Ah, I think what you saw was the Goretex rain coat. The CEMS combat coat is identical to the IECS coat except in CADPAT.

Did it look like this?


----------



## McG (23 Mar 2005)

That rain jacket is probably what I saw.  You've got some blue stuff on it though, better get it cleaned.  ;D

The ICE coat is CADPAT and is standard issue to the regular force now (at least out west it is).   The previous IECS coat was not CADPAT and had a few other differences from its replacement (no fleece hand pockets). Is your CEMS coat our ICE coat?


----------



## Inch (23 Mar 2005)

MCG said:
			
		

> That rain jacket is probably what I saw.   You've got some blue stuff on it though, better get it cleaned.   ;D
> 
> The ICE coat is CADPAT and is standard issue to the regular force now (at least out west it is).   The previous IECS coat was not CADPAT and had a few other differences from its replacement (no fleece hand pockets). Is your CEMS coat our ICE coat?



Yep, they're the same coat, come to think of it, ours is called ICE too but was issued under the CEMS program. Damn acronyms!

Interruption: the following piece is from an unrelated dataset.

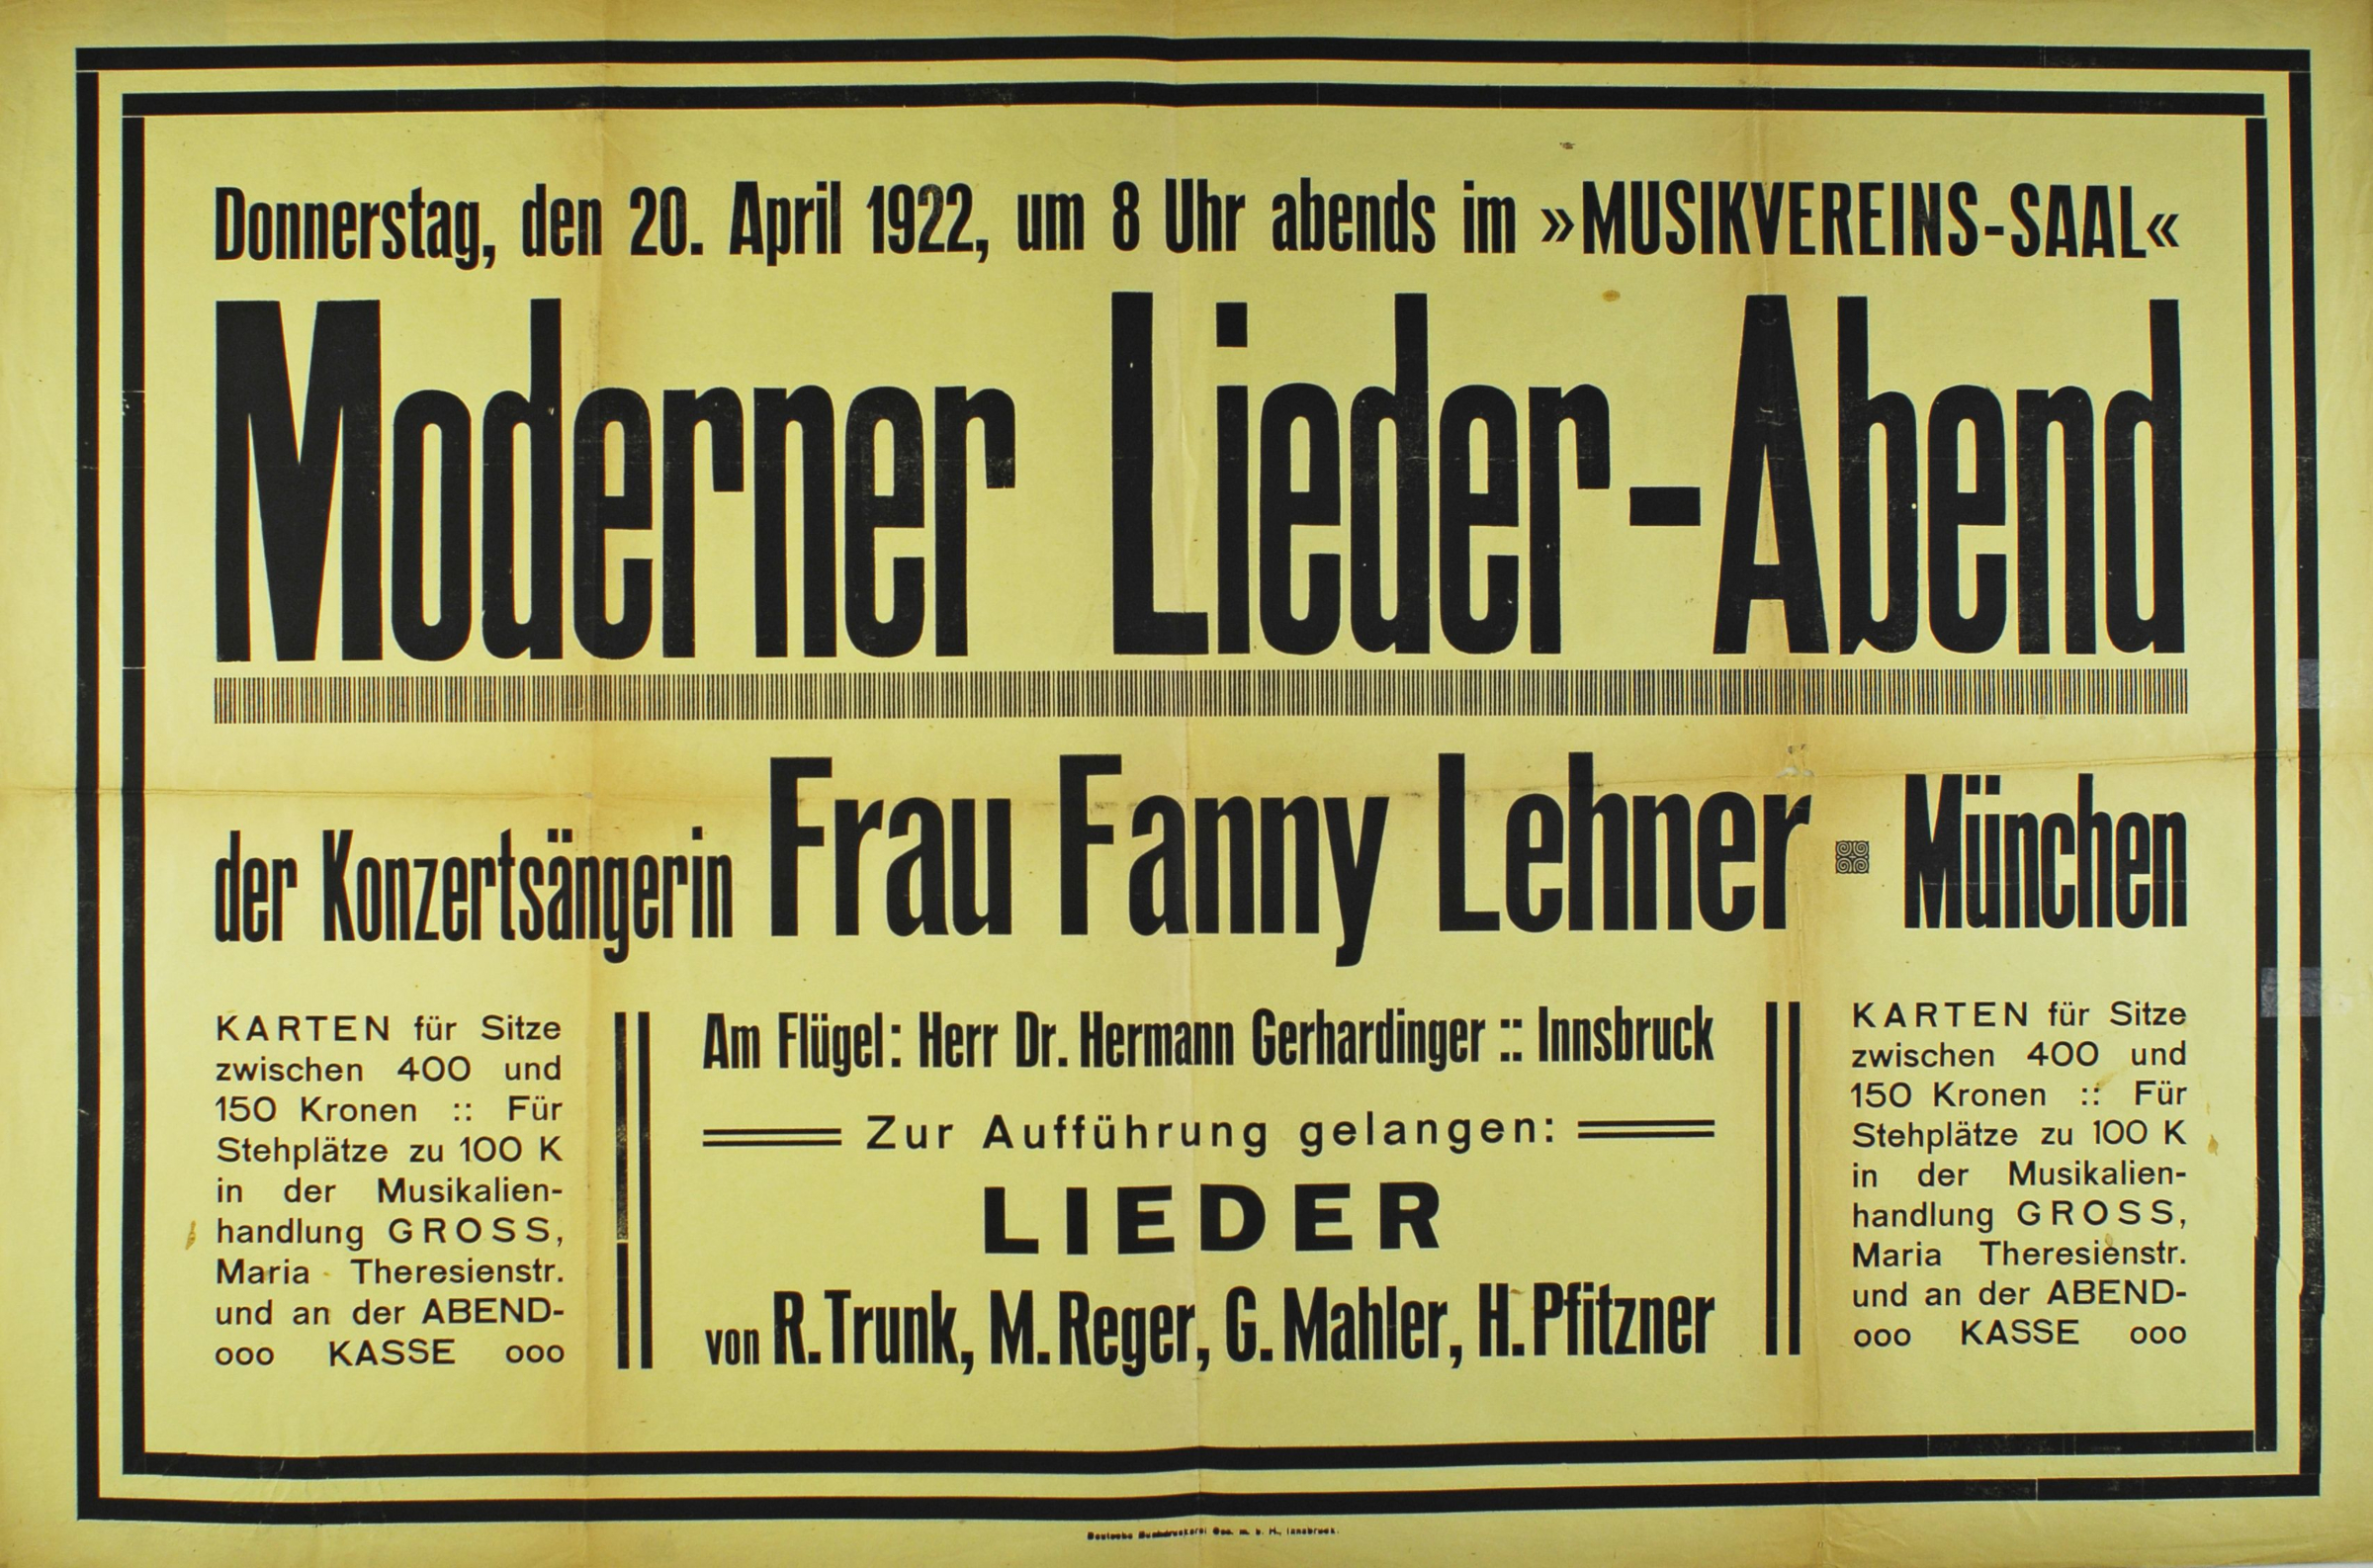 Ein Liederabend Mit Fanny Lehner

Believe me, I'd clean it if I could. I don't know many people that actually like it.


----------



## Scoobie Newbie (24 Mar 2005)

I just did a tour with CTS and listened and asked some questions.  The army and air force are now (as we have seen) combining certain articles of clothing in order to cut cost and increase production.  By modify certain clothing to an acceptable standard for both they hope to achieve greater production at reduced cost.  Most notably this is seen with the latest issue of cmbts with the buttons covered and will be seen with the wet/heat wear, the gortex rain suit.  They weren't sure as to whether they should forgo the rain pants for the time being and focus on the rain jacket but all of us on the tour told them that should be the focus.  There is also development in the helicopter 2 piece nomex pant/jacket and a correlation to LAV crew suits which will be the same down the road.


----------



## BernDawg (24 Mar 2005)

An interesting side note:  I went to clothing stores to draw my intermediate weight ICE pants and was mistakenly issued the hot weather ground crew pants.  The legs zip off to become shorts!  All in CADPAT too!  I had to take them back though because they won't do me any good in Alert.  The Supply Guy told me that they didn't know if the ground crews were going to be allowed to wear them.  Go figure eh?


----------